12. The method of claim 11, wherein the one or more additional therapeutic agents are selected from the group consisting of Capecitabine, Erlotinib, Fluorouracil (5-FU), Gemcitabine, Irinotecan, Leucovorin, Nab-paclitaxel, Nanoliposomal irinotecan, Oxaliplatin, Larotrectinib, pembrolizumab, Cabozantinib-S-Malate, Ramucirumab, Lenvatinib Mesylate, Sorafenib Tosylate, Nivolumab, Ramucirumab, Regorafenib, Regorafenib, cisplatin, Doxorubicin, Mitoxantrone, Arsenic Trioxide, Daunorubicin, Cyclophosphamide, Cytarabine, Glasdegib Maleate, Dexamethasone, Doxorubicin, Enasidenib Mesylate, Gemtuzumab Ozogamicin, Gilteritinib Fumarate, Idarubicin, Ivosidenib, Midostaurin, Thioguanine, Venetoclax, and Vincristine Sulfate.

13. (canceled)

14. (canceled)

15. A kit comprising at least one OGDH inhibitor and instructions for using the at least one OGDH inhibitor to treat or prevent pancreatic cancer or liver cancer.
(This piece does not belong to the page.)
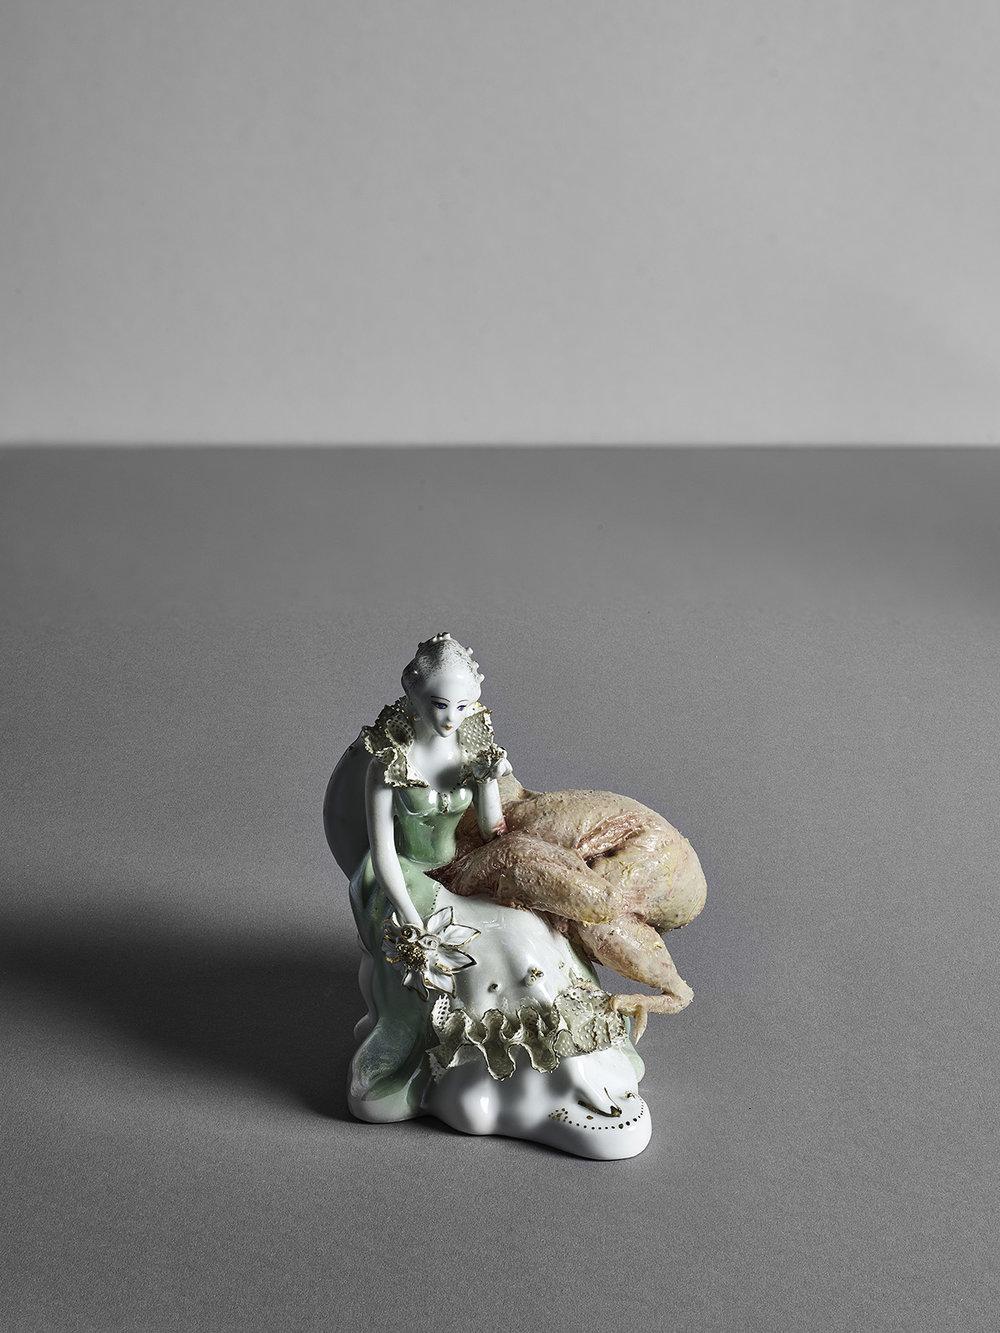 untitled (sittinglady), porcellain, silicone, silicone paint, 15 x 10 x 15 cm,2015

16. The kit of claim 15, wherein the OGDH inhibitor is a small molecule, an OGDH-specific inhibitory nucleic acid, or an anti-OGDH neutralizing antibody.

17. The kit of claim 16, wherein the small molecule is succinyl phosphonate, (S)-2-[(2,6-dichlorobenzoyl) amino] succinic acid (AA6), KGD09, KGD02, or an azide-alkyne cyclized derivative thereof.

18. The kit of claim 16, wherein the OGDH-specific inhibitory nucleic acid is a siRNA, a shRNA, an antisense oligonucleotide, or a sgRNA.

19. The kit of claim 16, wherein the pancreatic cancer or liver cancer comprises a p53 mutation.

20. The kit of claim 16, wherein the OGDH-specific inhibitory nucleic acid comprises a nucleic acid sequence of any one of SEQ ID NOs: 13, 14, 43, 44, or a complement thereof.